By William Patalon III
Managing Editor

The daily newspaper has been as much a part of American life as apple pie, baseball and hot dogs. And, for many years, it was also a staple of American investment portfolios.

Newspaper stocks were once a top-tier holding. As late as the middle 1980s, newspaper-publishing companies still offered consistent growth, fat profit margins and attractive dividend yields. And because publishers had monopolies in each of their markets, they enjoyed a protected profit position in each of their key markets. Indeed, these very factors made newspapers the target of leveraged buyout specialists.

But no longer. In recent years, competition has escalated. First it was cable TV and specialty magazines. Then satellite TV anted up. But it was the Internet that ultimately trumped the newspaper sector's hand, offering a wealth of continually updated news-and-entertainment information – most of it free of charge. And if that wasn't enough of a challenge, the sector has had to deal with a dwindling customer base and changing readership patterns. As newspaper readers aged and even died off, new readers didn't replace them. The reason: America's youth don't read daily newspapers. So the sector has had to deal with the one-two punch of rising competition and a declining customer base.

Spiraling financial problems and plunging stock prices have been the result.

After prices have declined for several years, Wall Street analysts have repeatedly tried to "call the bottom" on newspaper stocks. And each analyst has been wrong.

But Lehman Brothers analyst Craig Huber has taken a different tack: In a report last week, Huber wrote that the industry has yet to hit bottom, meaning there's little hope for a rebound anytime soon; People are not reading newspapers like they used to, advertisers aren't placing ads at the rate most analysts has predicted, and earnings estimates remain way too high.

According to Huber, investors are better off playing it safe than to bet on – and lose money on – a struggling industry, Huber said. In fact, he says that stocks in this sector could lose another 20% over the next 18 months. While Money Morning typically presents investment ideas and opportunities, this is a case where we're trying to save you some money by helping you avoid losses. And while we typically eschew Wall Street research, we will present it in cases where it buttresses an already-held view of ours, or seems to confirm some analysis that we've already done.
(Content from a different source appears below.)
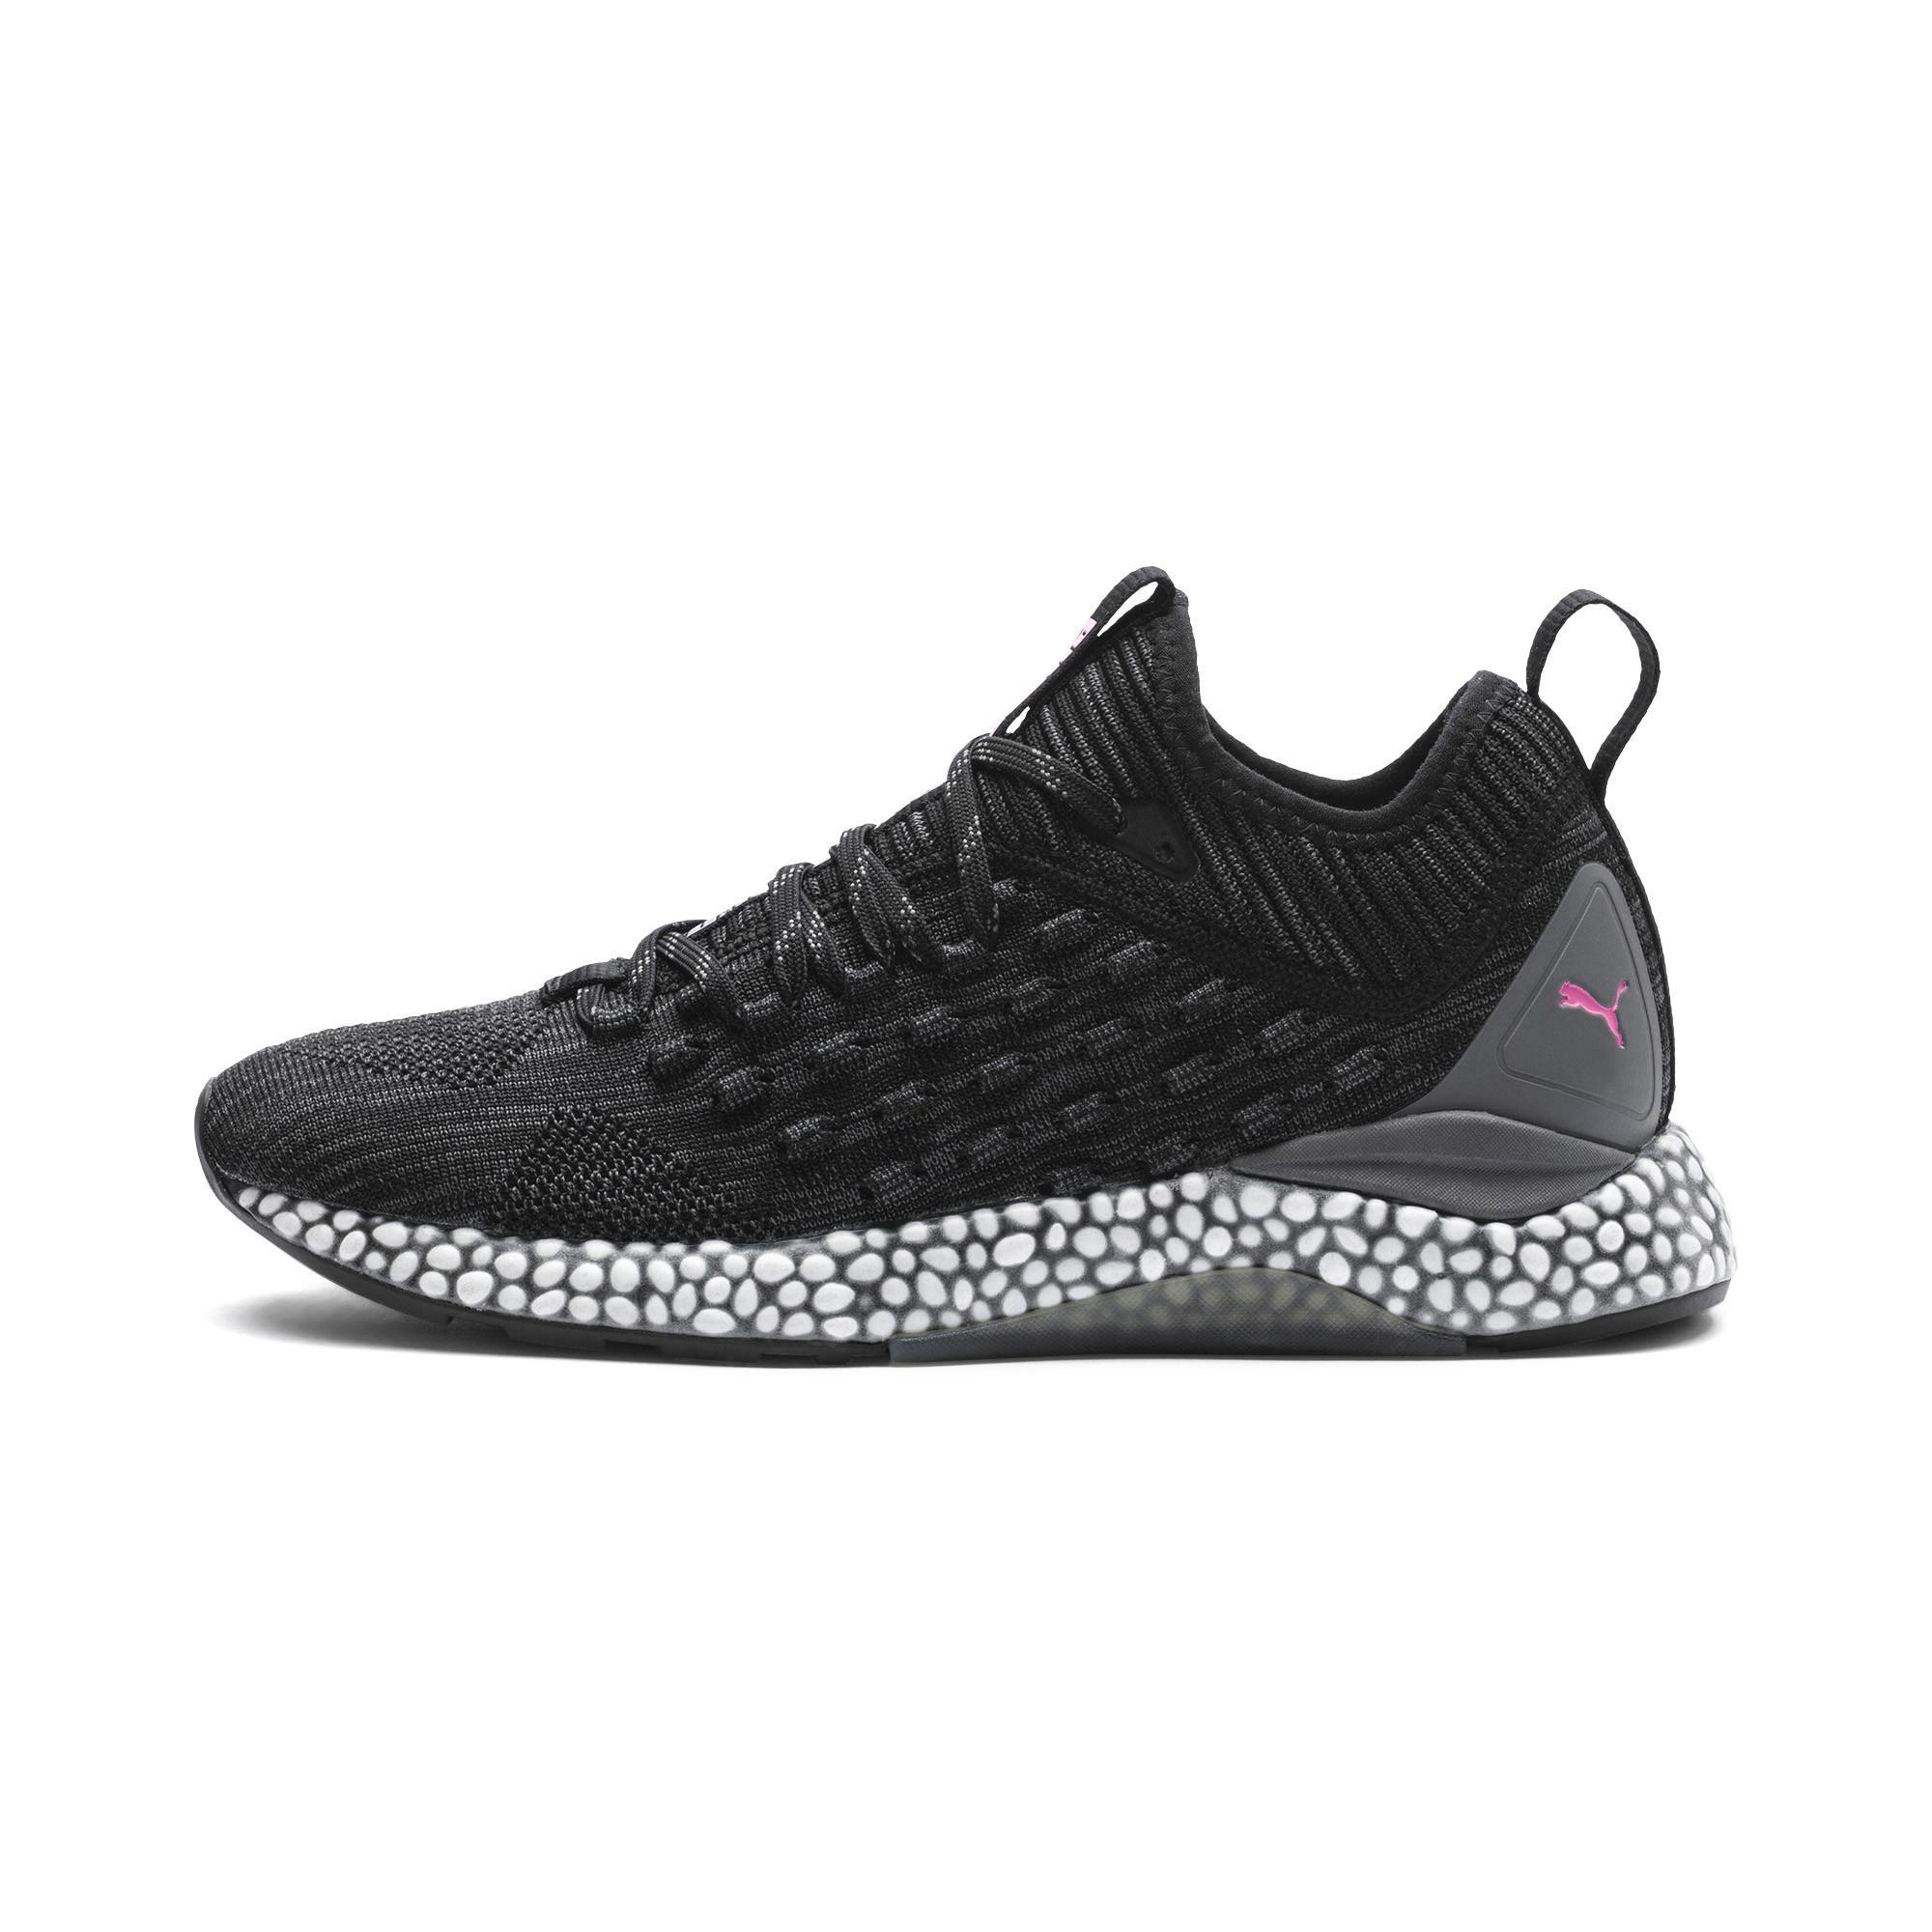 5babbae549c8be Lyst - PUMA Hybrid Runner Fusefit Women s Running Shoes in Black ...

Having worked in the newspaper industry for two decades, I am all-too-familiar with the industry's problems. Indeed, although my MBA is in finance, I actually did my thesis on digital newspapers. That was back in 1995. But even then I could clearly see the tough times the industry was headed for if it didn't find a way to profitably integrate the Internet into its business model. It still hasn't done that. And that failure is a big reason the industry is in the predicament that it's in today.

Like Huber, I don't see things changing anytime soon.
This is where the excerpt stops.